Printed in the  Spring 2022 issue of Quest magazine. 
Citation: Sugg, Judith "Piercing the Trance: The Wholeness Process" Quest 110:2, pg 37-39

        

By Judith Sugg

JuithSuggAt our Source, we are the same, yet an individual’s interaction with the world is distinctive. Psychology refers to the sum of our habitual responses and tendencies as personality, and these patterns and biases can prevent us from experiencing life directly. If we believe we are the sum of these patterns rather than an emanation of the Source, we remain ignorant of our true nature.

Those on a spiritual path align their lives with ideals such as Truth and Love. Sadly, our best intentions are shattered by those same biases, habits, and knots (granti) of personality. Millennia ago, the Katha Upanishad (3.5) taught that a person “who has not understanding (avijnana), whose mind is not constantly held firm—his senses are uncontrolled, like the vicious horses of a chariot driver” (Hume, 351). We see this truth every day, in ourselves and others.

Meditation is the most prescribed tool for holding the mind firm, yet its course is arduous. As Annie Besant and C.W. Leadbeater noted, internal silence is a rarity, and even though no one else hears the chaos in our mind, that doesn’t mean it’s not real. Thoughts are energy and form, often existing in conflict, fueling emotions and self-interest.

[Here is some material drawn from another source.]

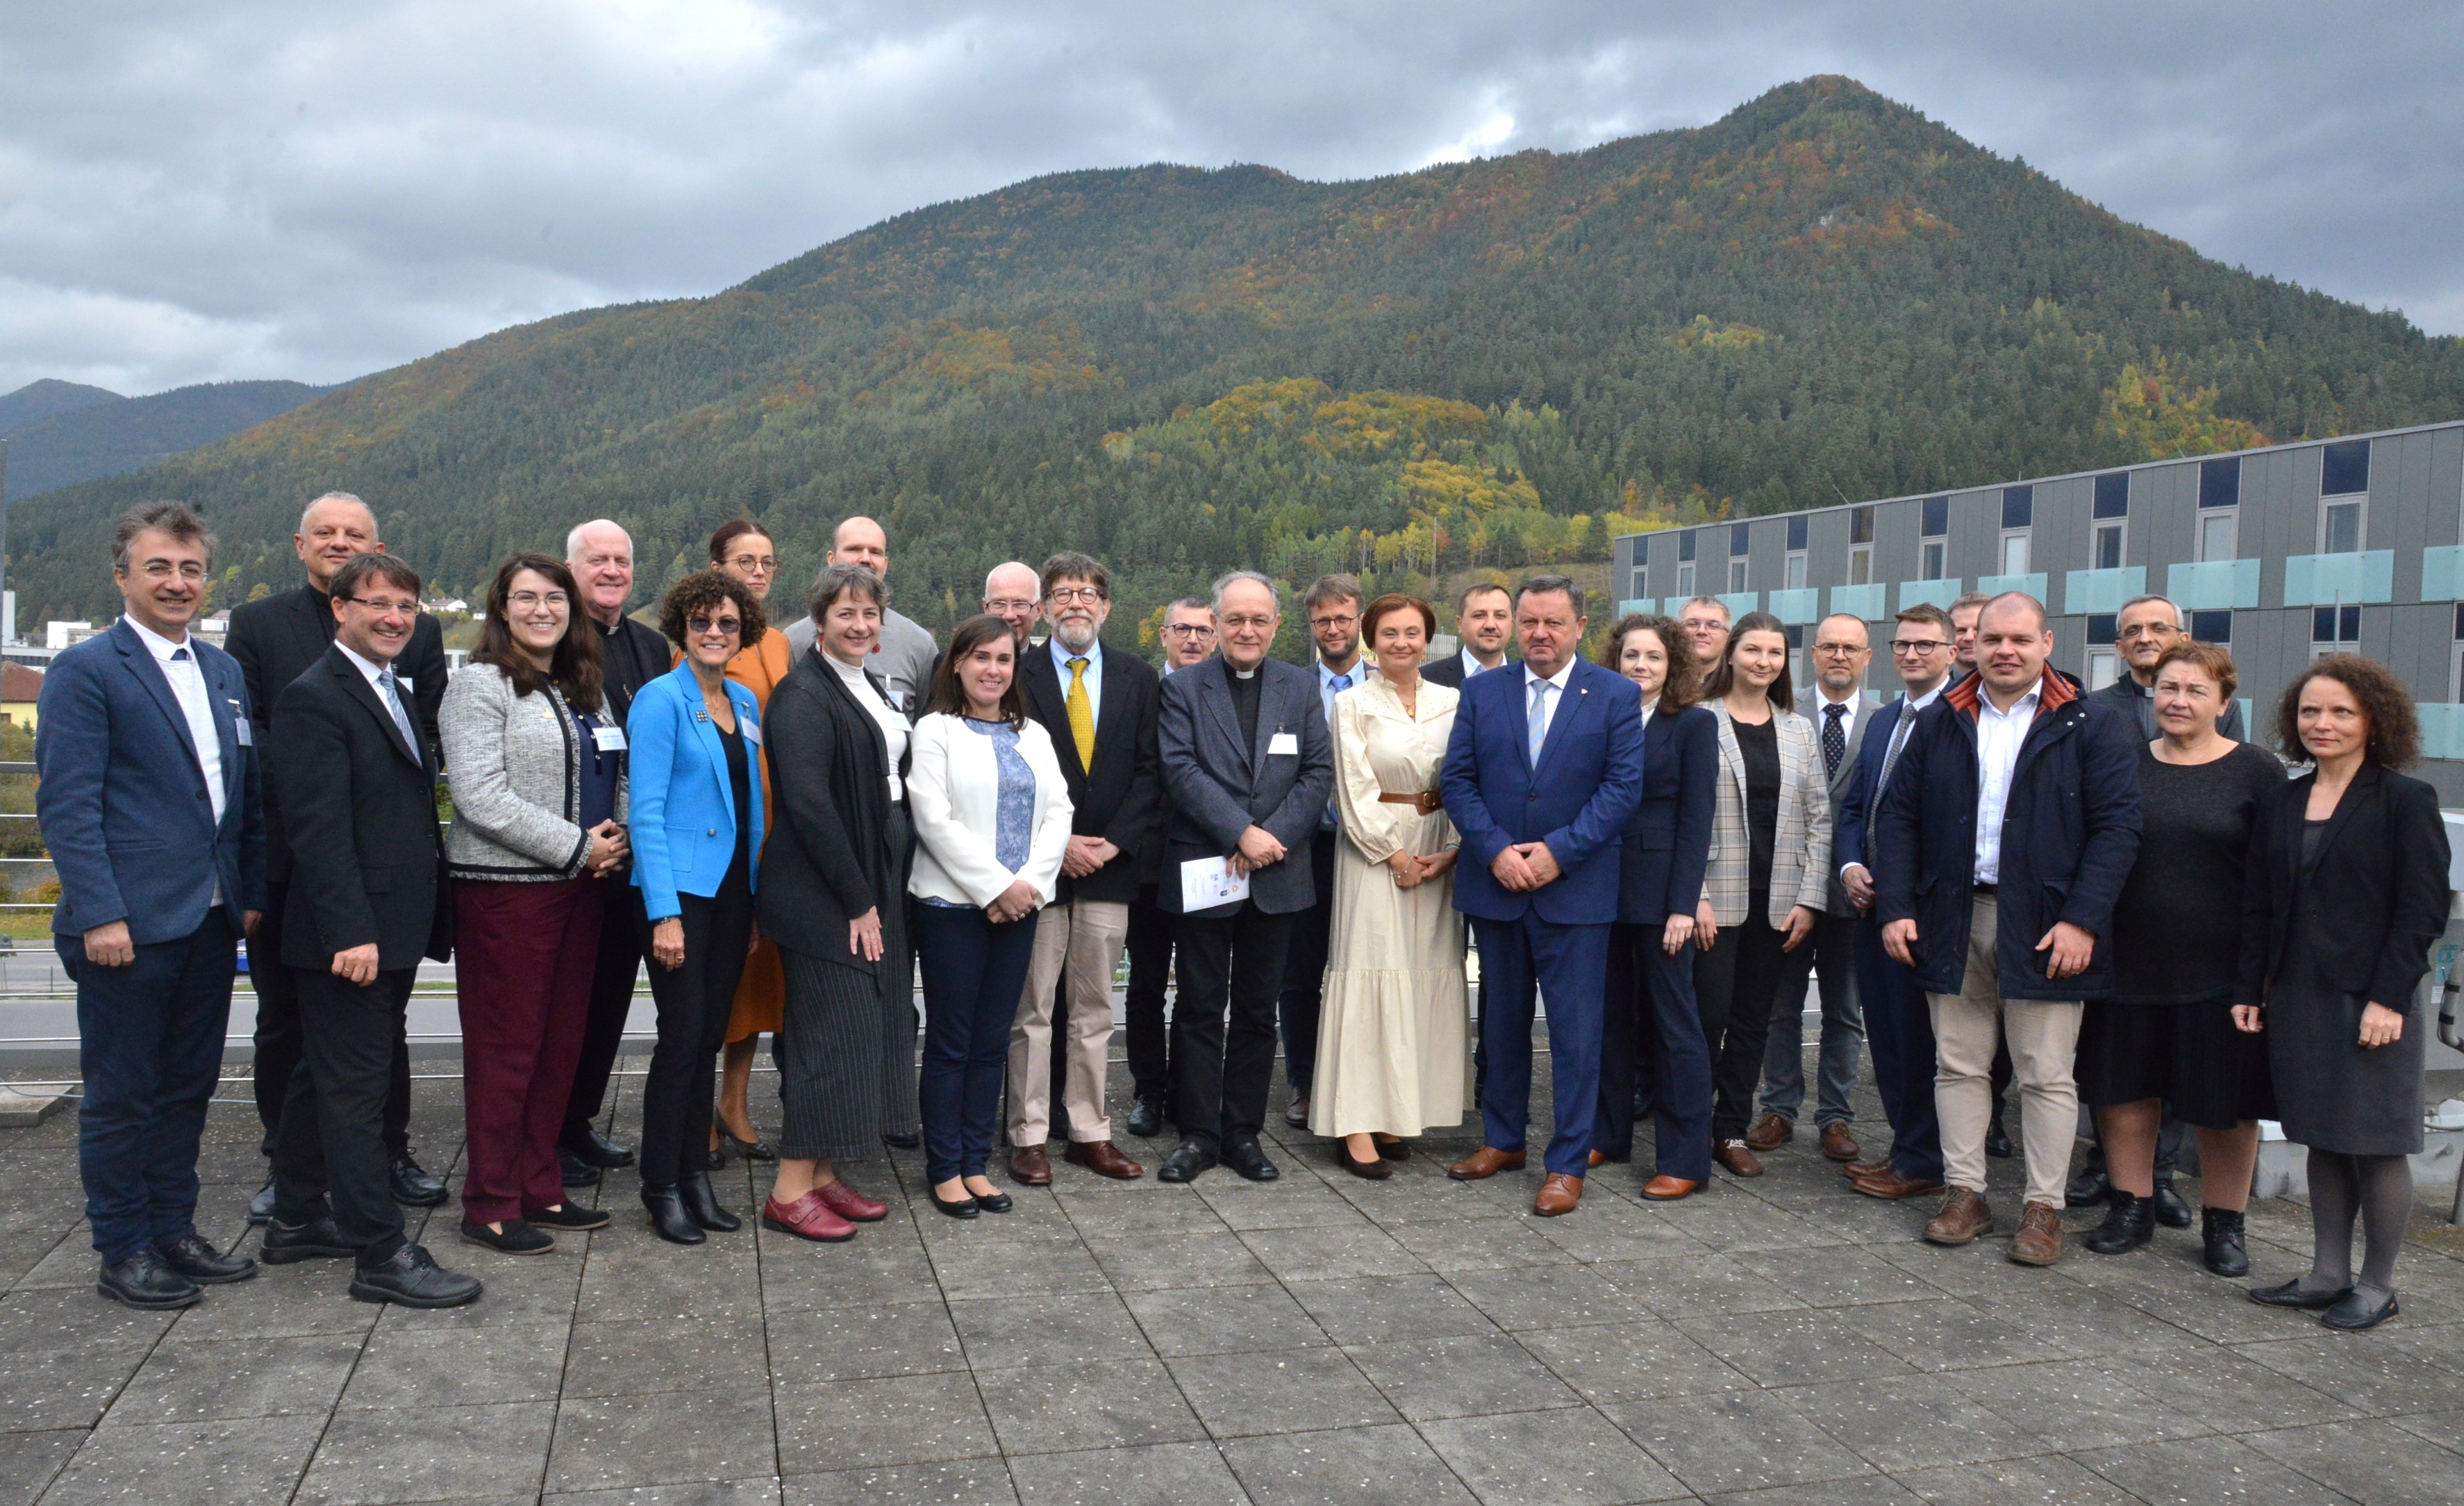 Annual conference of Catholic University Partnership
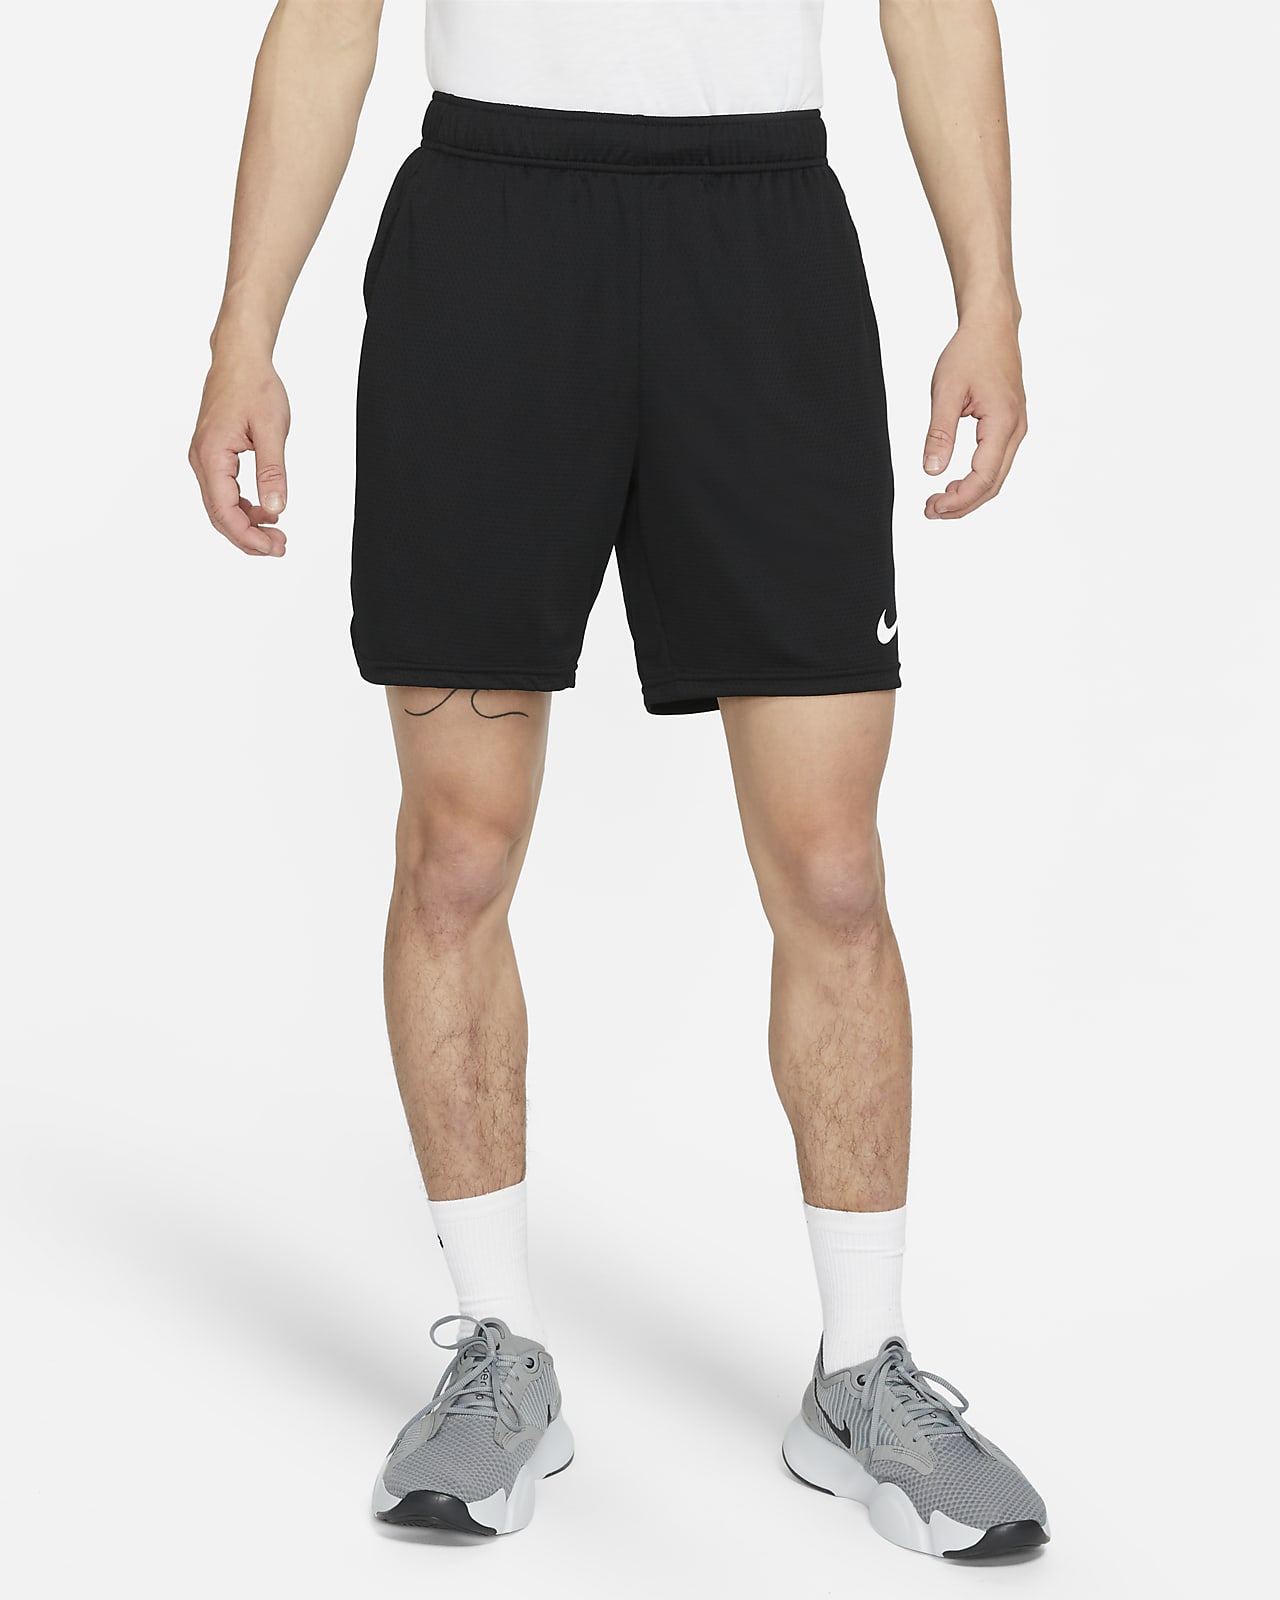 Nike 男款網布訓練短褲

I have long been intrigued by the mechanics of the mind as viewed in both psychology and meditation. How do we align higher ideals and intentions with personality patterns that seem so entrenched? Having taught yoga and meditation for thirty years, I have a deep respect for the potential power of practices, but I also know the hazards and struggles they involve. This article attempts to link our highest intentions for living with love and clarity with a psychological tool that deepens meditation.

The Purpose of Meditation

I.K. Taimni, whose translations of Hindu texts are well known to Theosophists, published a short paper on the more profound aspect of meditation in The American Theosophist. He speaks to the motivation for meditation, hoping to move the theoretical discussion of yoga to a deep, serene, impersonal experience of Reality. Without an impartial perspective, we are likely to remain oblivious to the illusions in our mind. Taimni states that intensity of purpose is needed to “open up the channels between the lower and the higher and establish the center of consciousness on the spiritual planes of manifestation” (Taimni, 323).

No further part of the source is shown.